In the analysis-synthesis model of a compiler, the
front end analyzes a source program and creates an intermediate representation,
from which the back end generates target code. Ideally, details of the source
language are confined to the front end, and details of the target machine to
the back end. With a suitably defined intermediate representation, a compiler
for language i and machine j can then be built by combining the
front end for language i with the
back end for machine j. This approach
to creating suite of compilers can save a considerable amount of effort: m x n compilers can be built by writing
just m front ends and n back ends.
This chapter deals with intermediate representations, static type
checking, and intermediate code generation. For simplicity, we assume that a
com-piler front end is organized as in Fig. 6.1, where parsing, static
checking, and intermediate-code generation are done sequentially; sometimes
they can be com-bined and folded into parsing. We shall use the syntax-directed
formalisms of Chapters 2 and 5 to specify checking and translation. Many of the
translation schemes can be implemented during either bottom-up or top-down
parsing, using the techniques of Chapter 5.
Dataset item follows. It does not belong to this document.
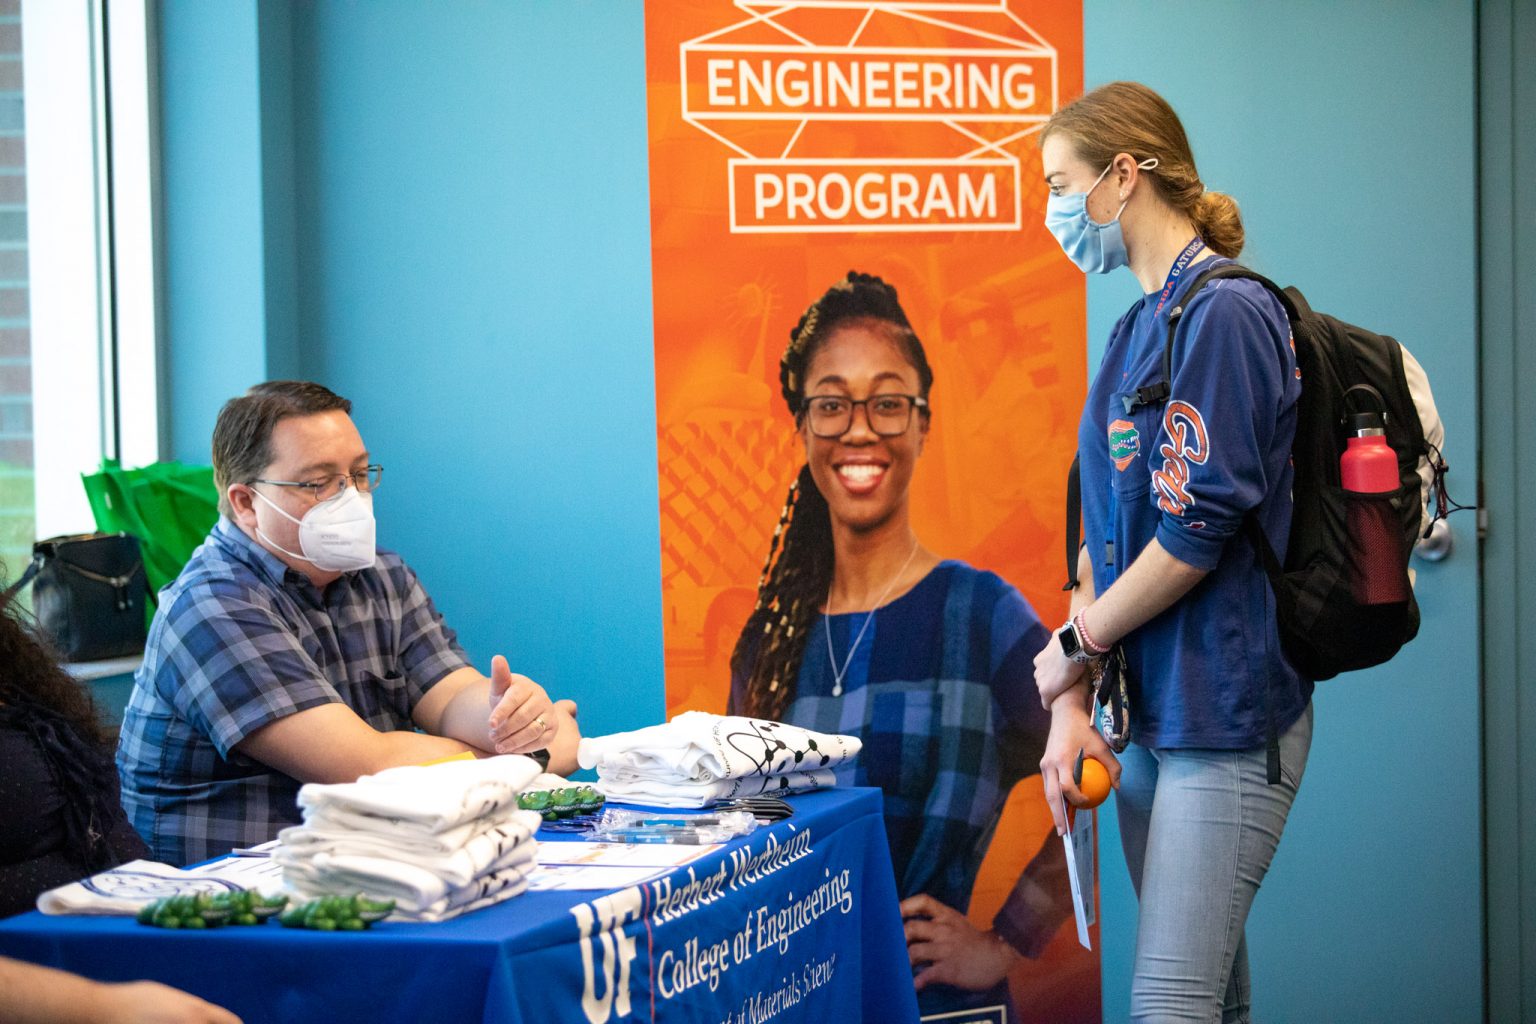 Career Showcase launches new experience for UF students DIVISION OF

All schemes can be implemented by creating a syntax tree and then
walking the tree.
Static checking includes type checking, which ensures that
operators are ap-plied to compatible operands. It also includes any syntactic
checks that remain after parsing. For example, static checking assures that a
break-statement in C is enclosed within a while-, for-, or switch-statement; an
error is reported if such an enclosing statement does not exist.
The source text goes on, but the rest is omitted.